_Task brief_: Please begin with the line containing "Dimensions without frame: 64.5 cm x 78 cm" and reproduce each line exactly until the records below end, without any pictures.

Extracted data entries:
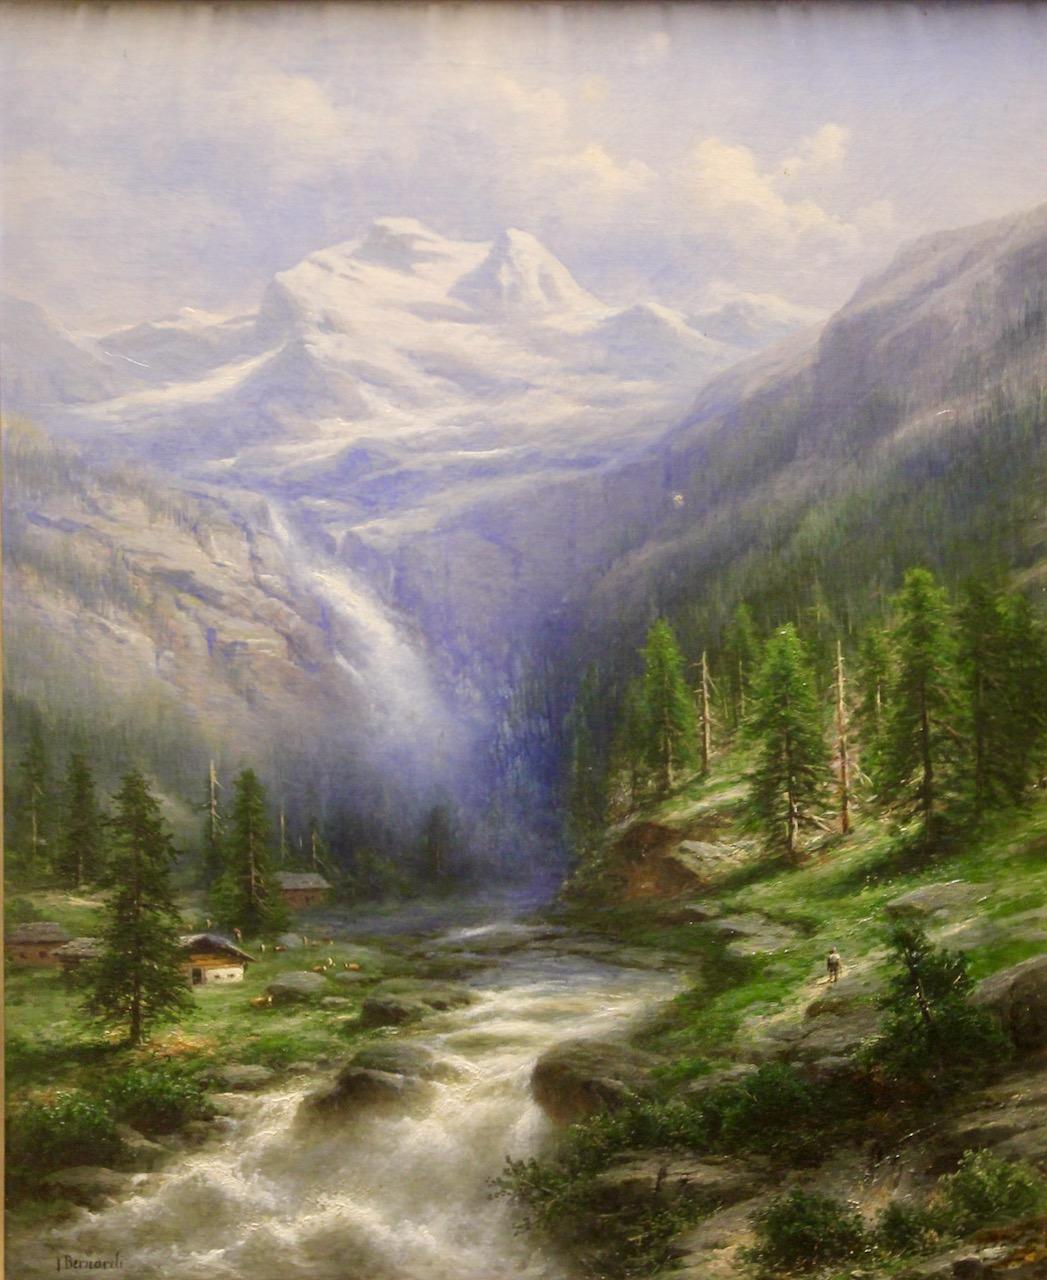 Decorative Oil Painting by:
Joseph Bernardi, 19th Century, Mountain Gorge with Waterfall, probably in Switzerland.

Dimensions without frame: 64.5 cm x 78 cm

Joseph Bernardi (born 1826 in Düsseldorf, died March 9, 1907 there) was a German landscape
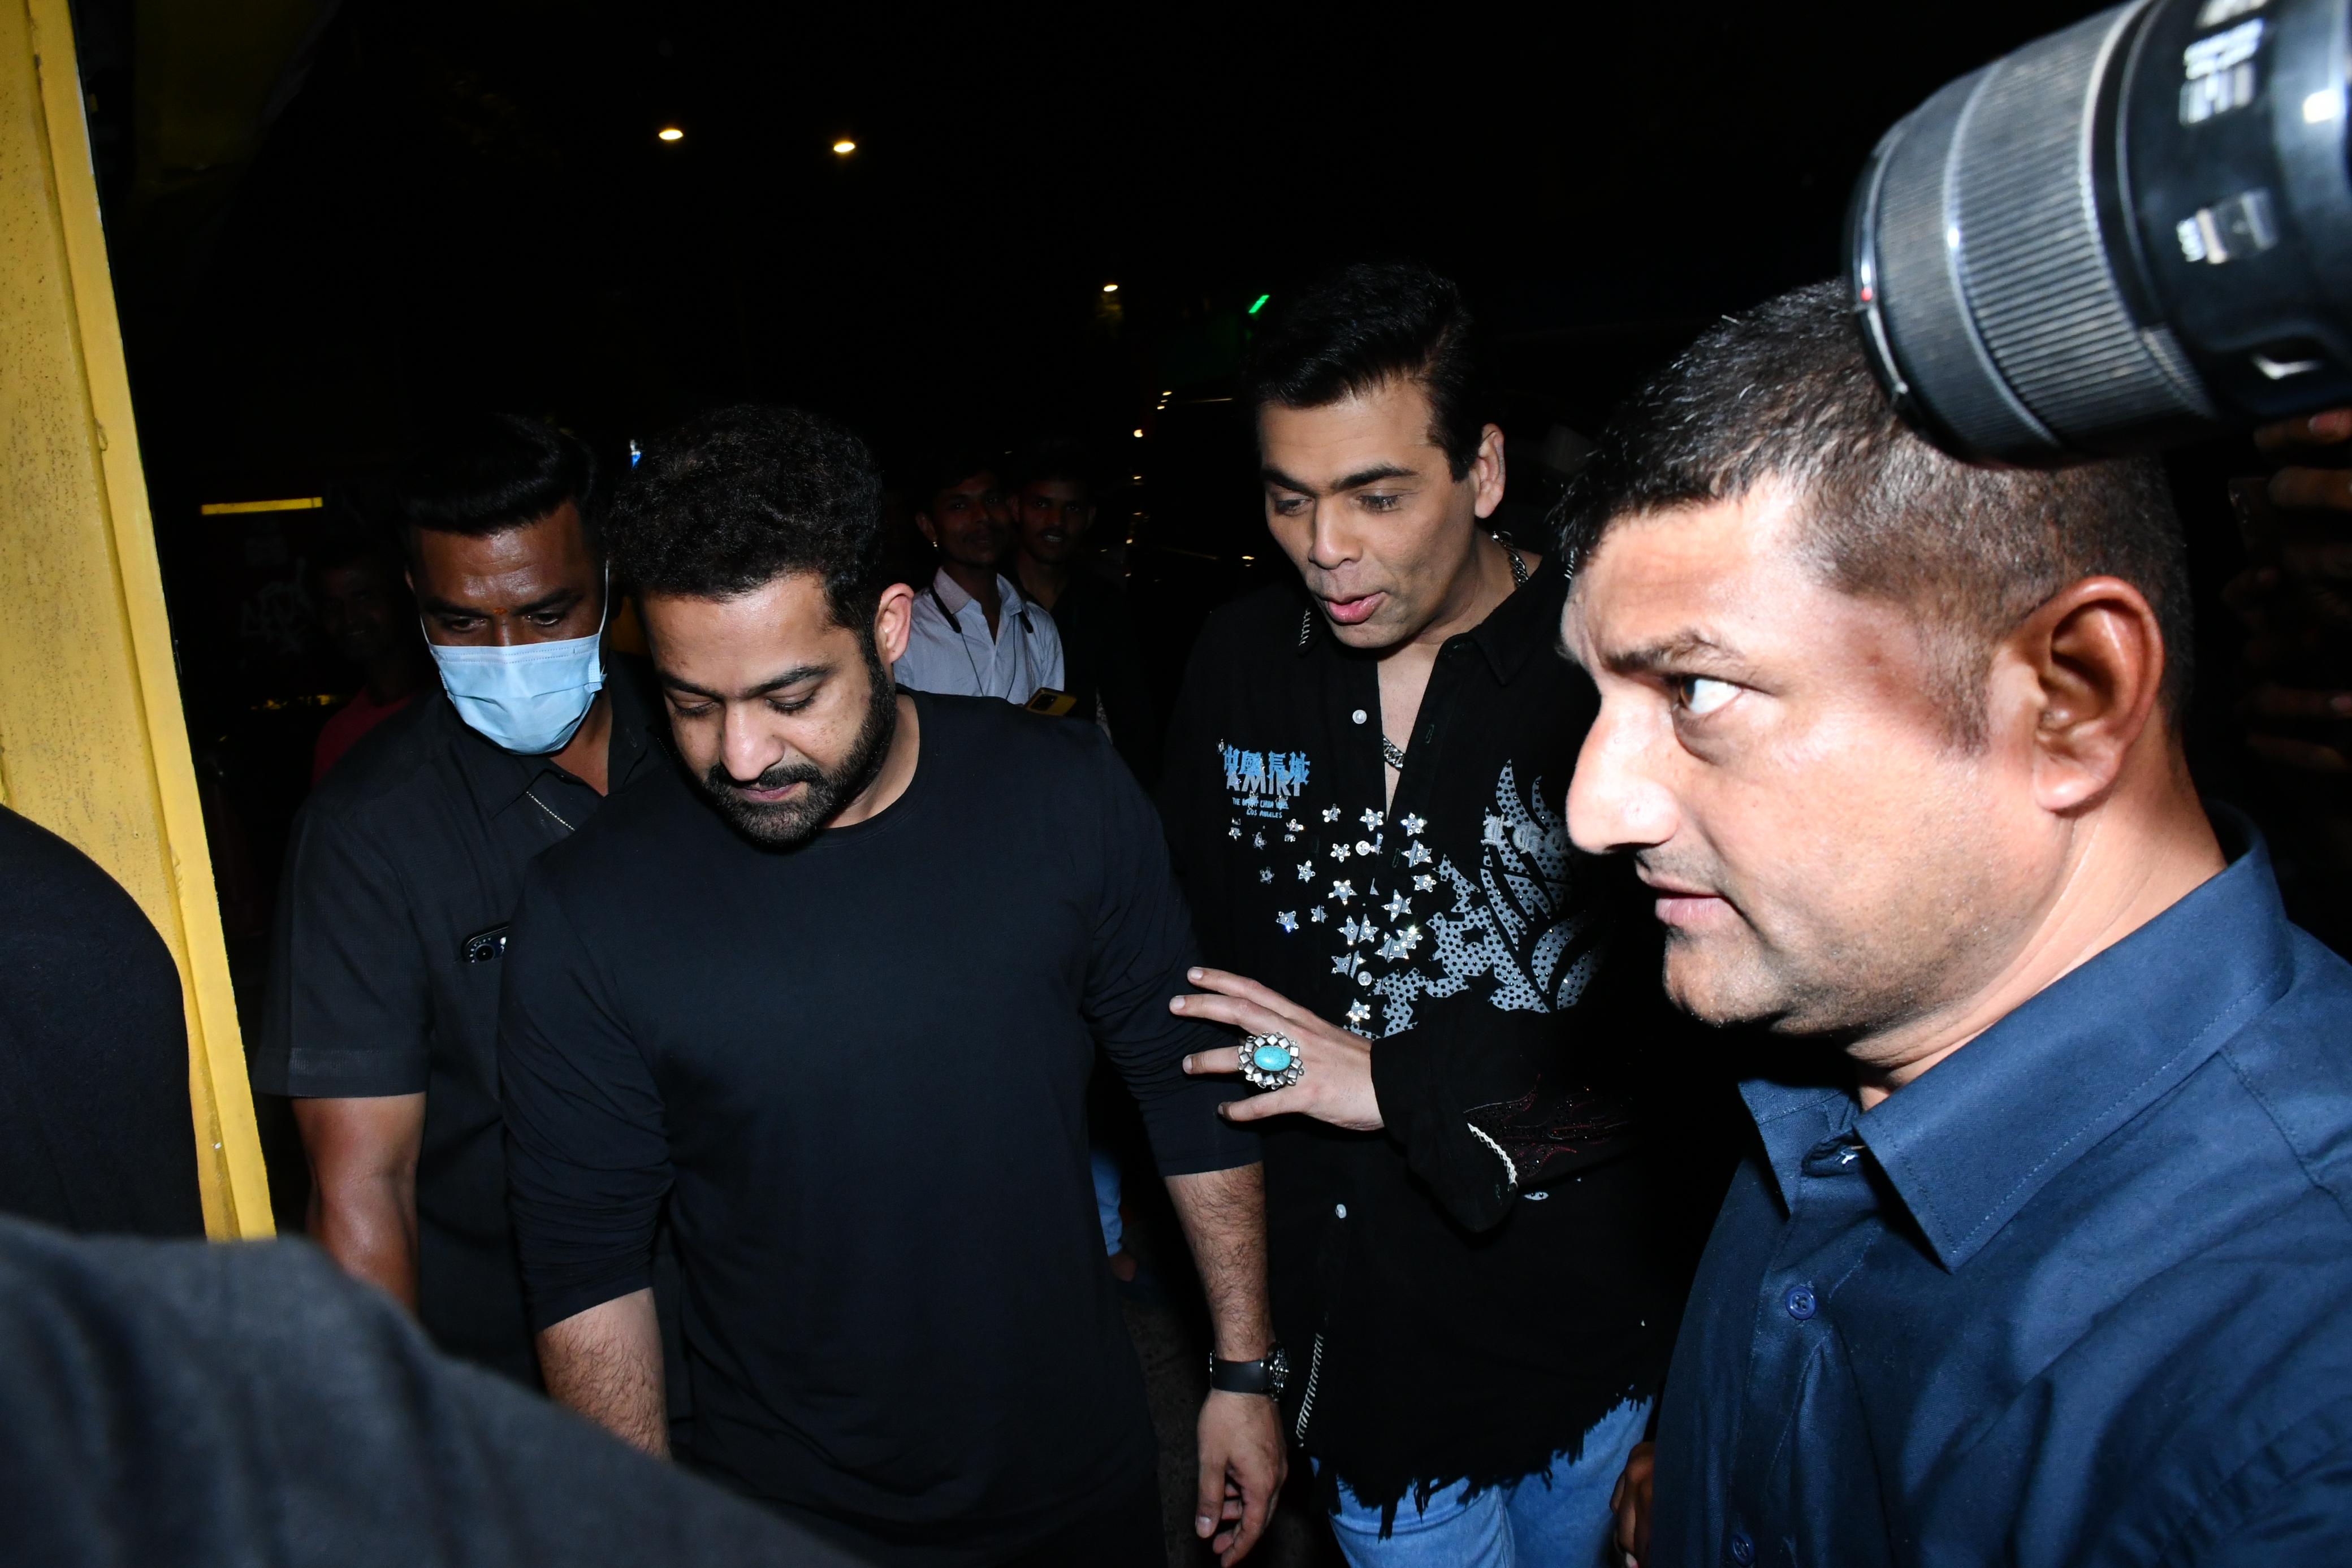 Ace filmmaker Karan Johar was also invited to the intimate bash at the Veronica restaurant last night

_Answer_:
Dimensions without frame: 64.5 cm x 78 cm

Joseph Bernardi (born 1826 in Düsseldorf, died March 9, 1907 there) was a German landscape
 Ace filmmaker Karan Johar was also invited to the intimate bash at the Veronica restaurant last night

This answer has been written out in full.